▸ PROBLEM DETAILS:
From the listing below, set down exactly the lines between the one holding "Asimovs Science Fiction" and the one holding "礼盒小兔子毛绒玩具可爱小白兔公仔玩偶情人节送女友闺蜜生日礼物", inclusive. No other line is wanted.

▸ STORED DATA:
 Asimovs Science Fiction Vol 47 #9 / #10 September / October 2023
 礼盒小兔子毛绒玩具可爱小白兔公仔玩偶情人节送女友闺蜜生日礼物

---

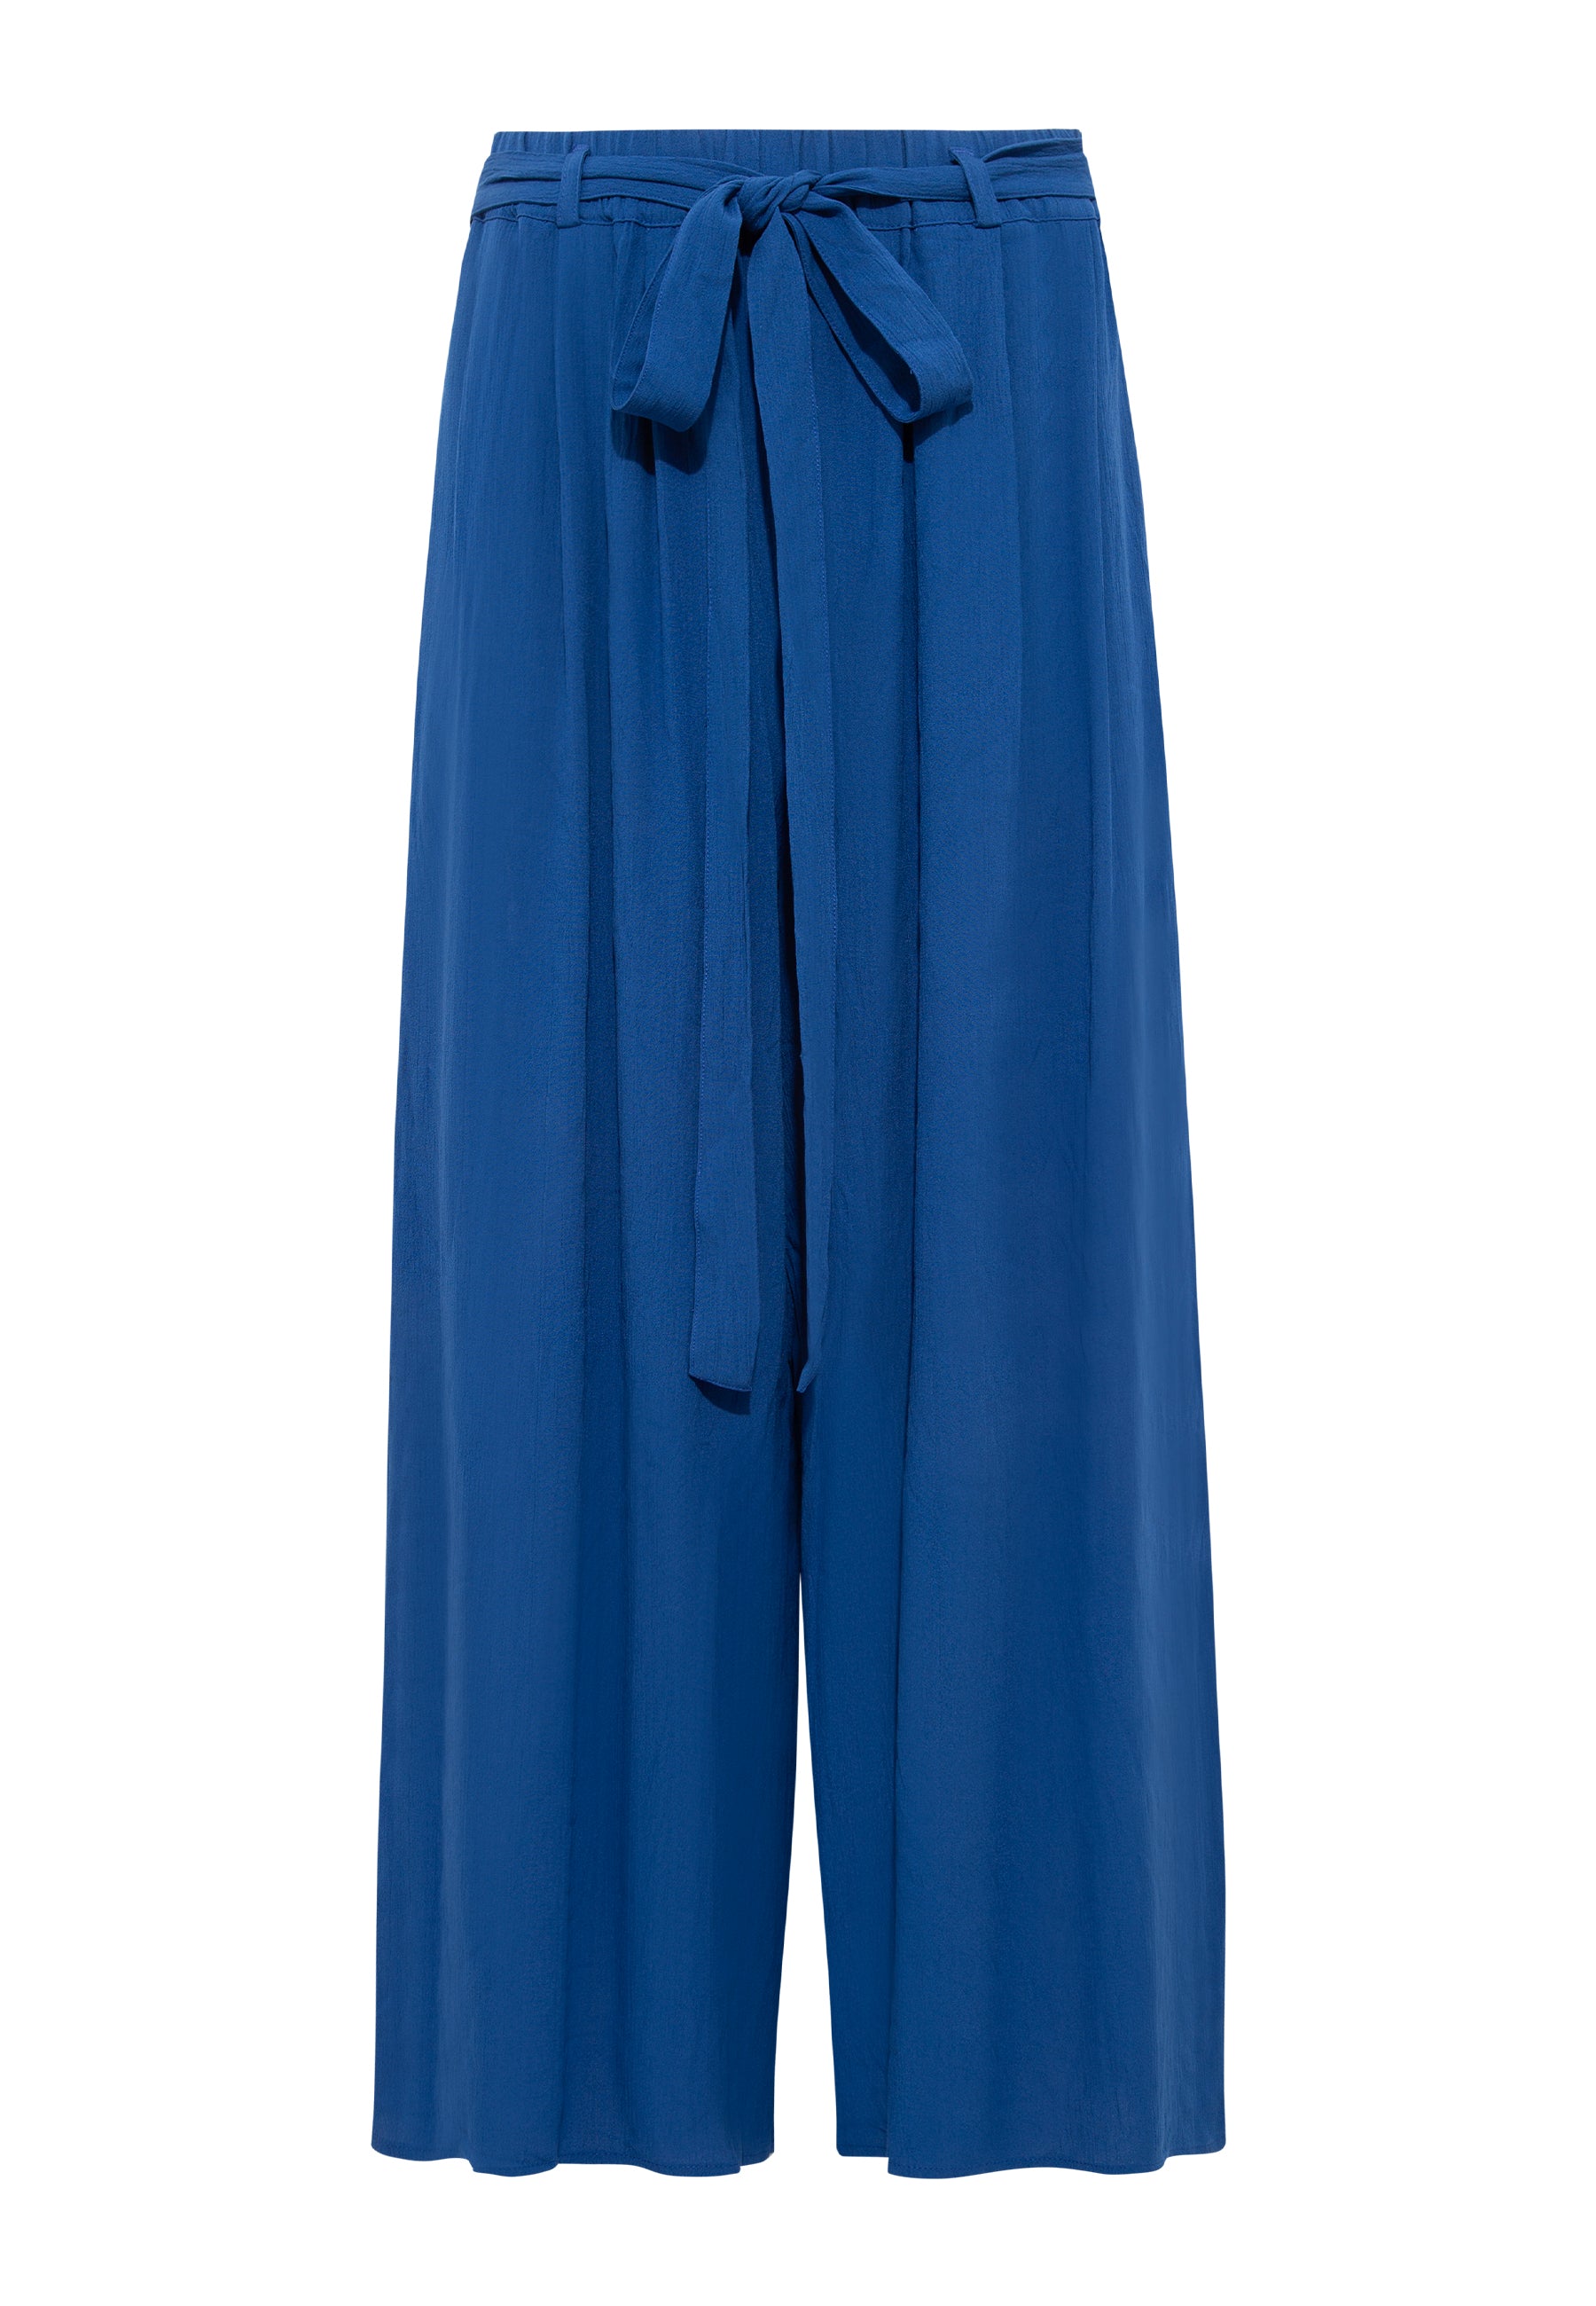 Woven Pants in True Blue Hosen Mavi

---

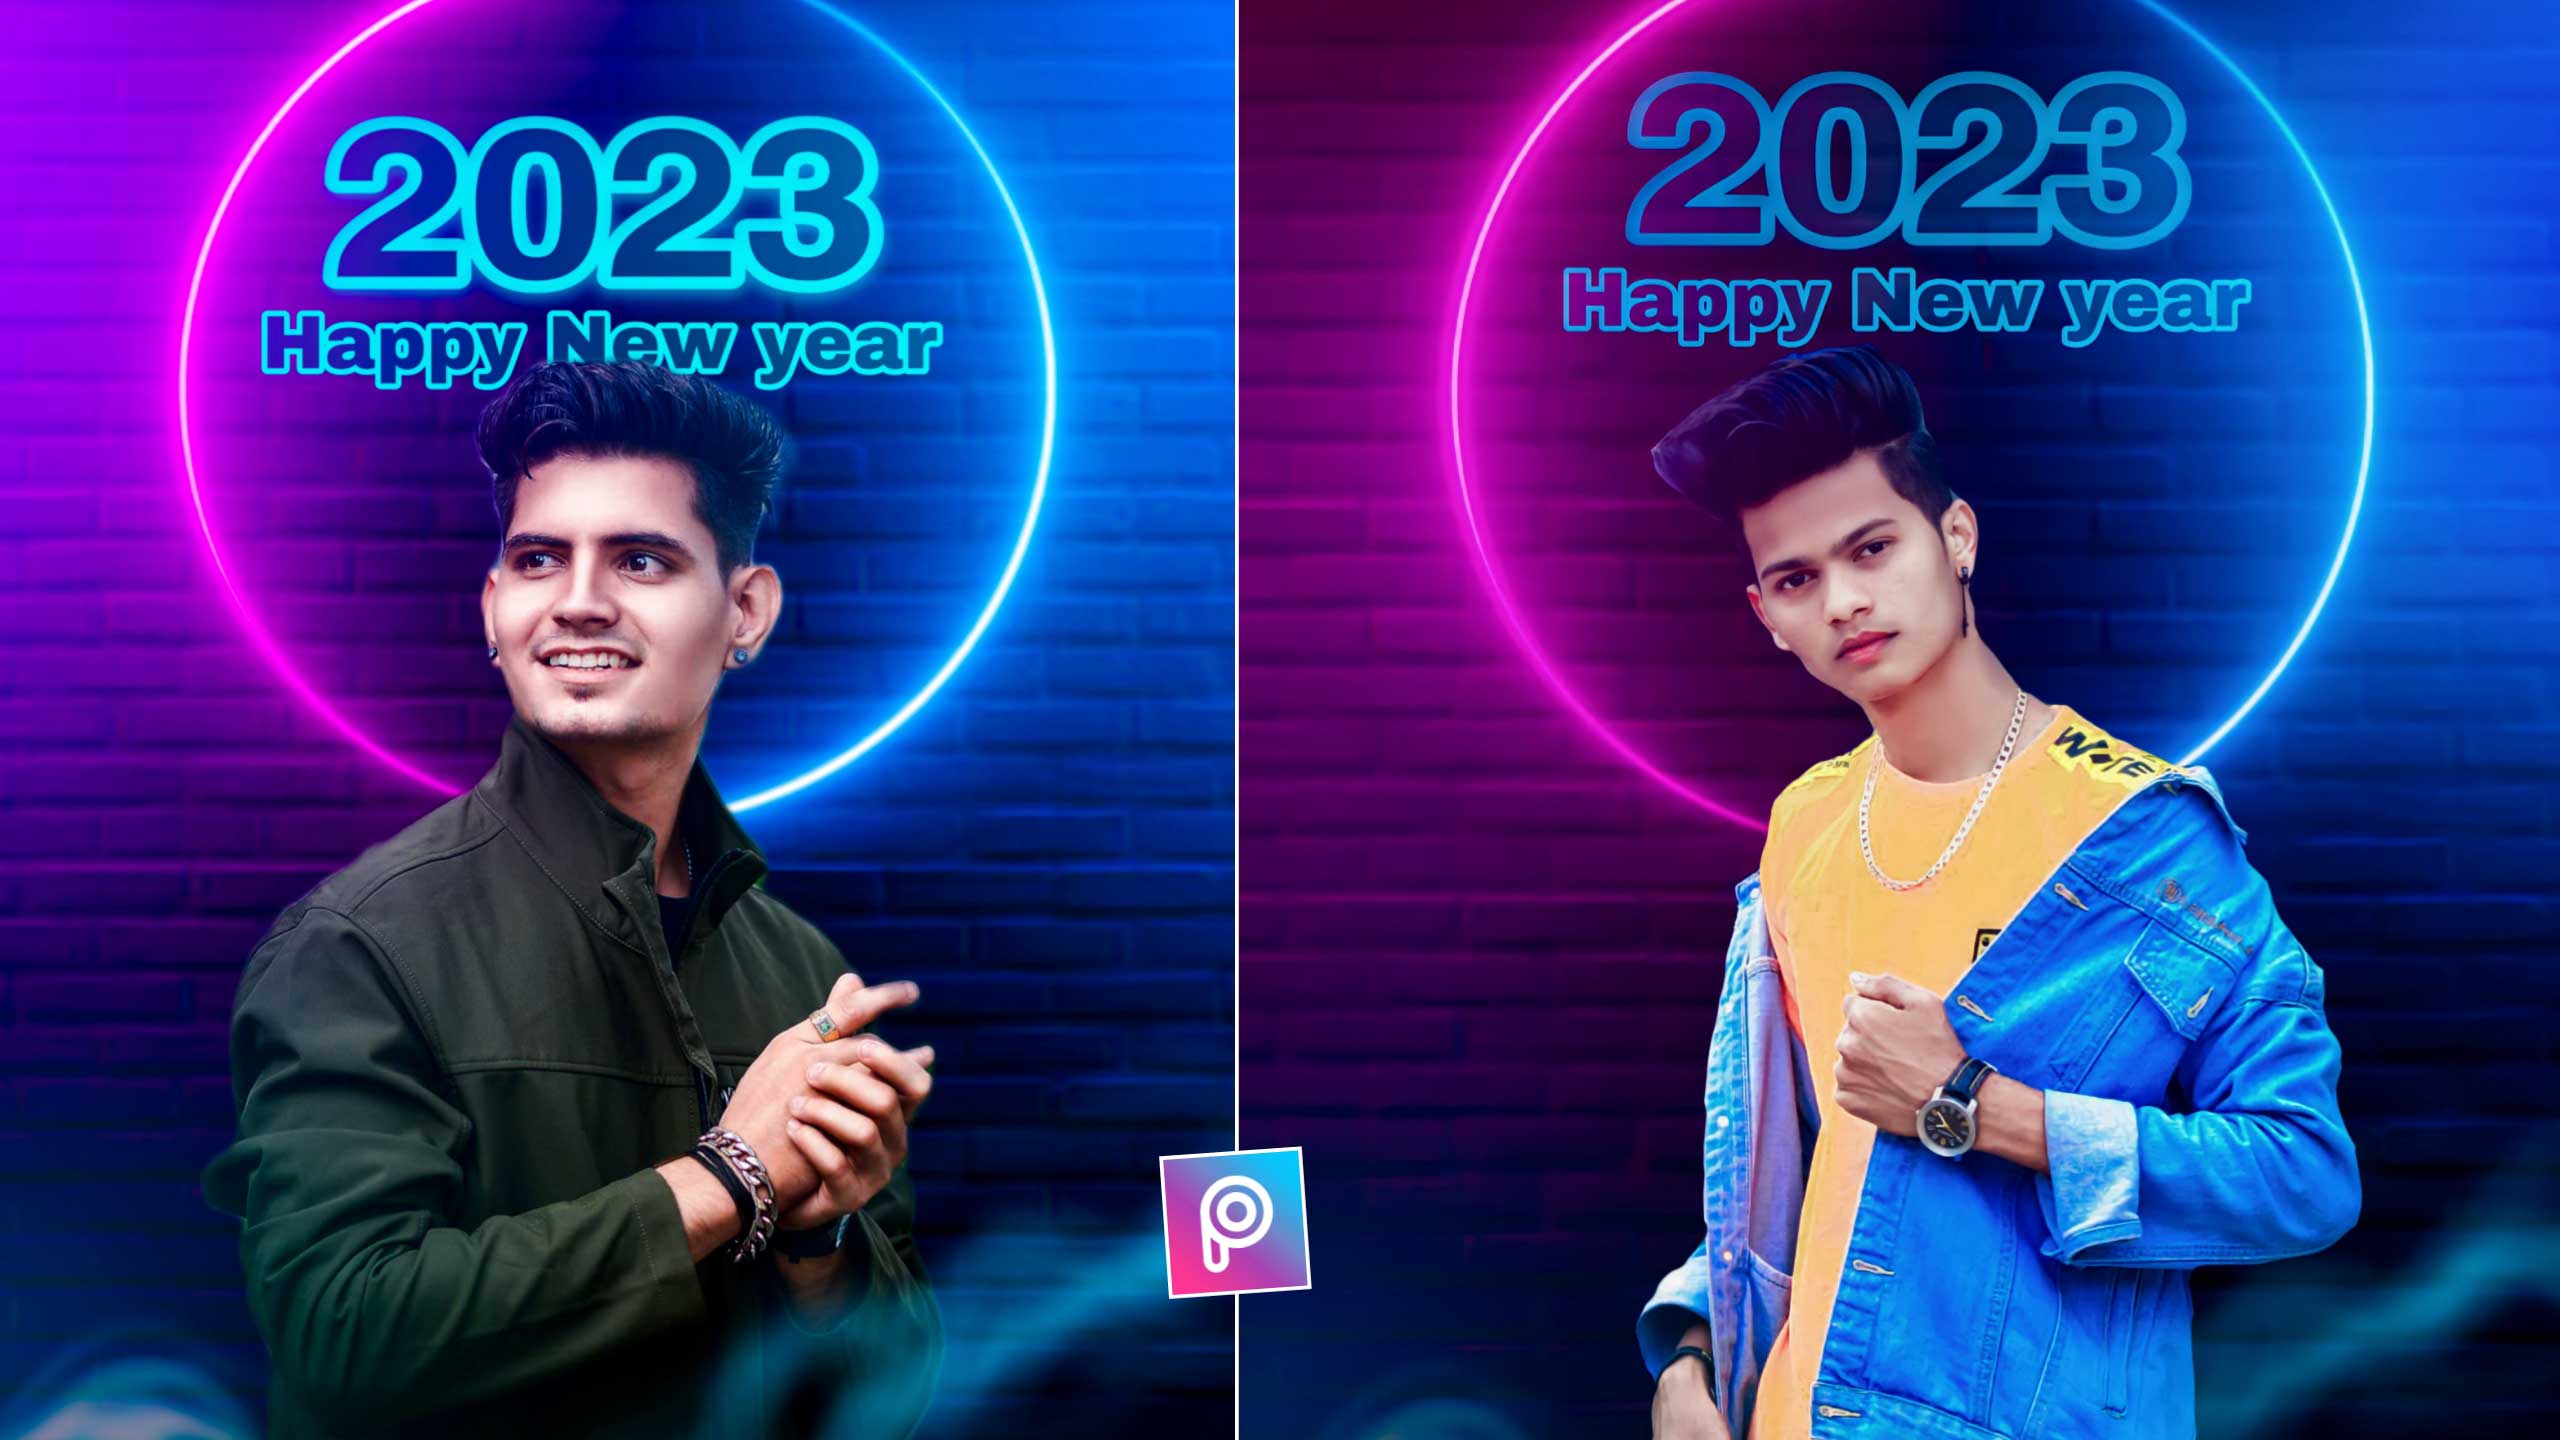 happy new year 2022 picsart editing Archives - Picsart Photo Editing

▸ RESPONSE TO THIS TASK:
 Asimovs Science Fiction Vol 47 #9 / #10 September / October 2023
 礼盒小兔子毛绒玩具可爱小白兔公仔玩偶情人节送女友闺蜜生日礼物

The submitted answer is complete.